There are many possible metrics for reporting IAA, such as Cohen’s Kappa, prevalence, and bias [Eugenio & Glass 04]. Kappa is the best metric for IAA when all the annotators have identical exhaustive sets of questions on which they might agree or disagree. This could be a task like ”read over this text and mark up all telephone numbers”. However, sometimes there is disagreement about the set of questions, e.g. when the annotators themselves determine which text spans they ought to annotate. That could be a task like ”read over this text and mark up all references to politics”. When annotators determine their own sets of questions, it is appropriate to use precision, recall, and F-measure to report IAA. The following demonstrates best practices for calculating IAA in this way.
Let’s assume we have two annotators, Ann1 and Ann2. We want to measure how well Ann1 annotates compared with Ann2, and vice versa. Note that P(Ann1 vs Ann2) == R(Ann2 vs Ann1), and, similarly, P(Ann2 vs Ann1) == R(Ann1 vs Ann2).

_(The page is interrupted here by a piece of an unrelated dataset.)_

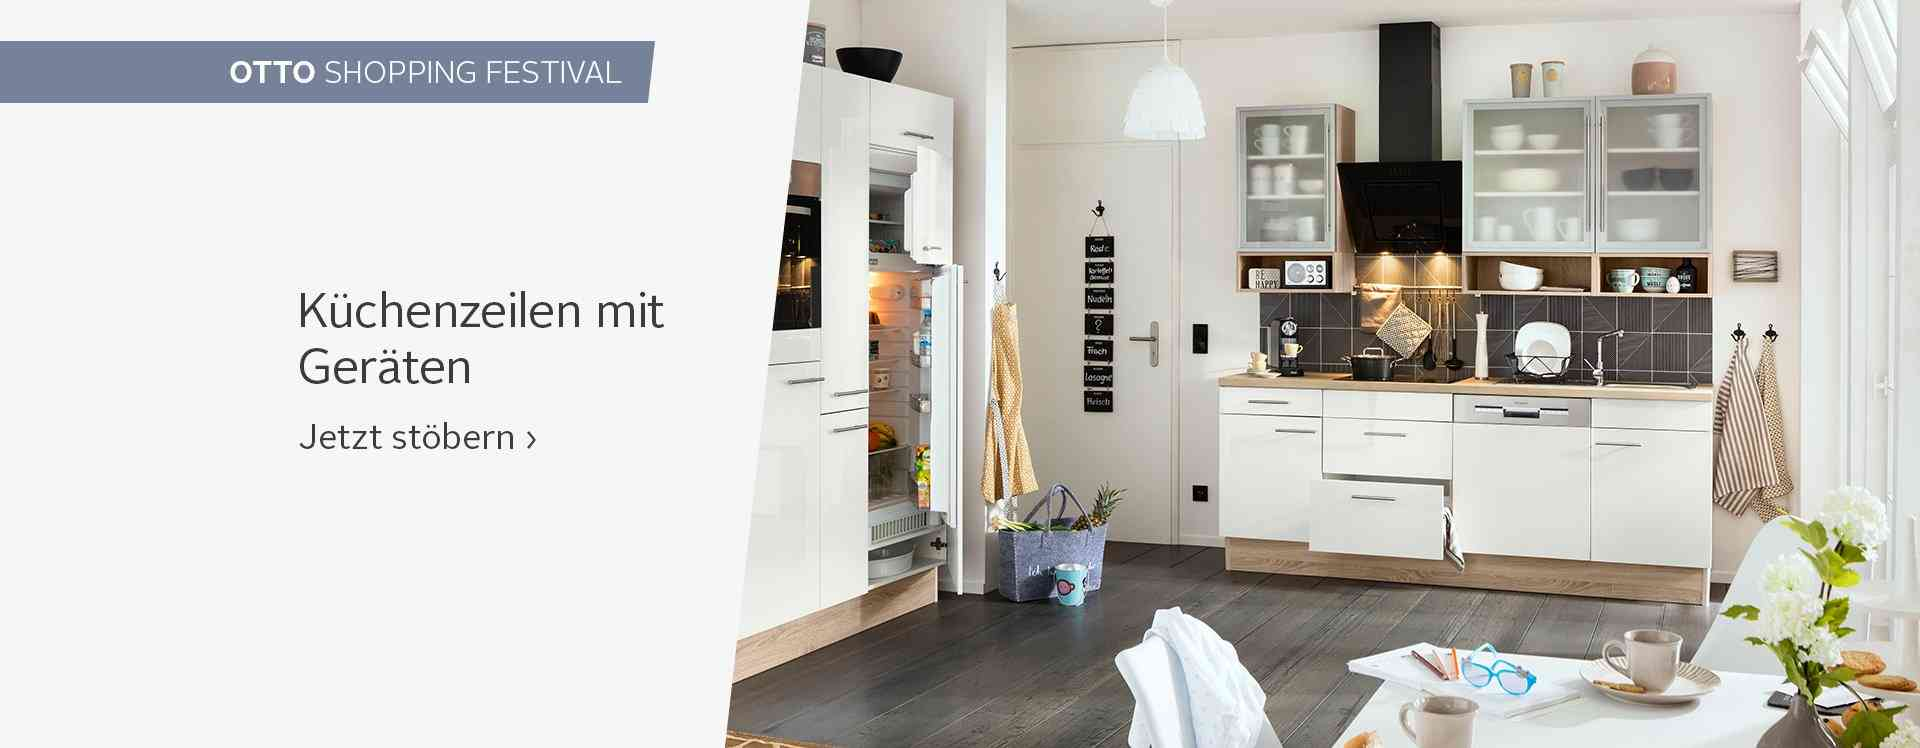 k cheneinrichtung online kaufen modern landhaus otto. Black Bedroom Furniture Sets. Home Design Ideas
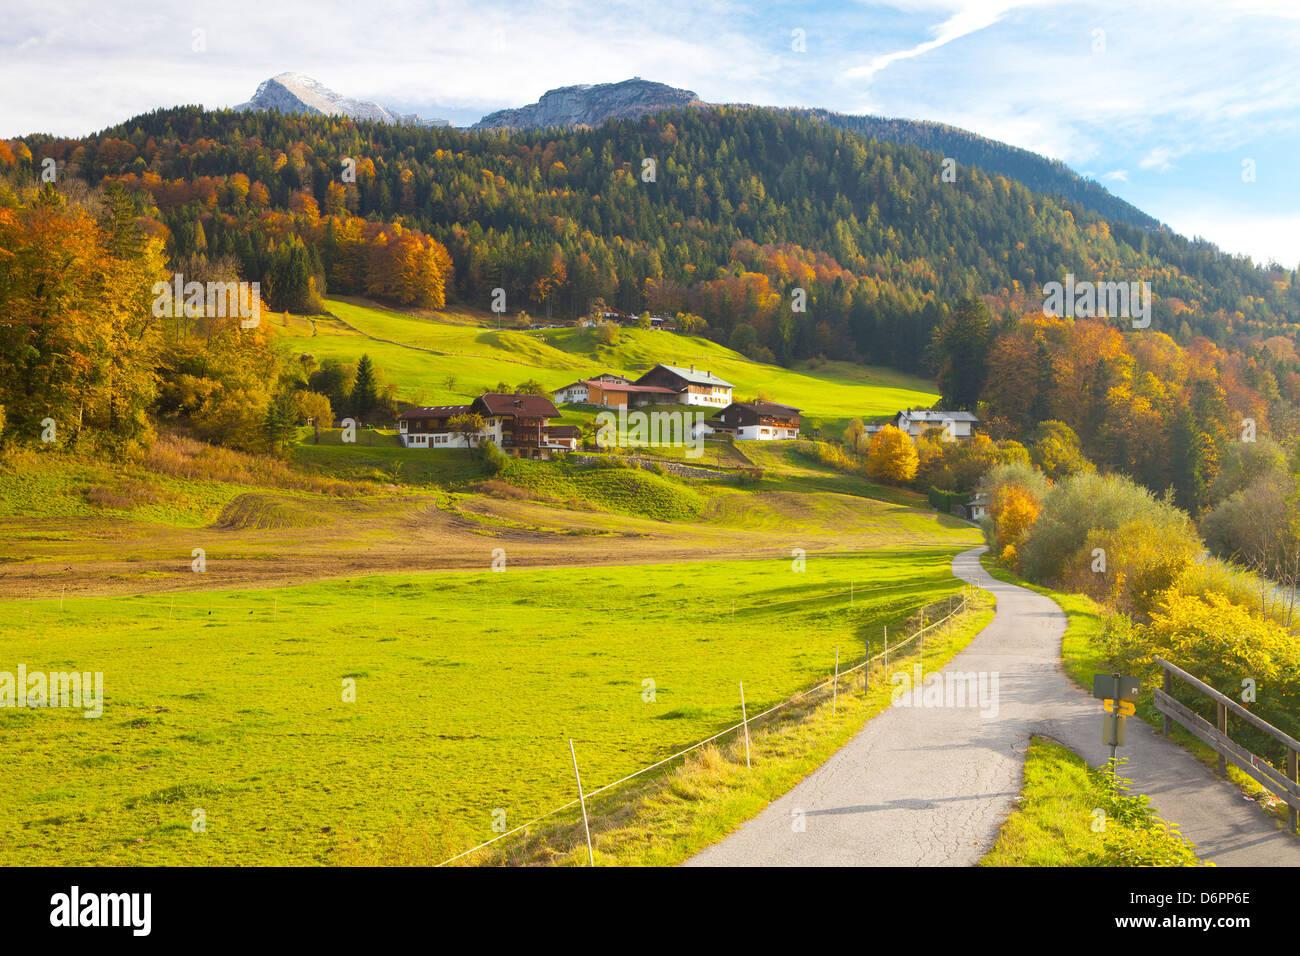 Location chemin à travers les paysages de montagne en automne, près de Berchtesgaden, Bavaria, Germany, Photo Stock

This means that we can simply run an Annotation Diff with Ann1 as the key, and Ann2 as the response, and then do the reverse: Ann1 as the response, and Ann2 as the key.
We then report Precision and F-measure from both runs, as well as the average of precision from both runs, i.e., [Prec(Ann1 vs Ann2) + Prec(Ann2 vs Ann1)] / 2. This latter number is the average precision of your annotators.
The IAA plugin computes different IAA measures for different tasks. For named entity annotations, it computes the F-measures, namely Precision, Recall, and F1 from two or more annotation sets. For text classification tasks, it computes the Cohen’s kappa and some other IAA measures which are more suitable than the F-measures for the task. In the following subsections we will describe those measures and the output results from the plugin. But first we explain how to load the plugin, and the input to and the parameters of the plugin.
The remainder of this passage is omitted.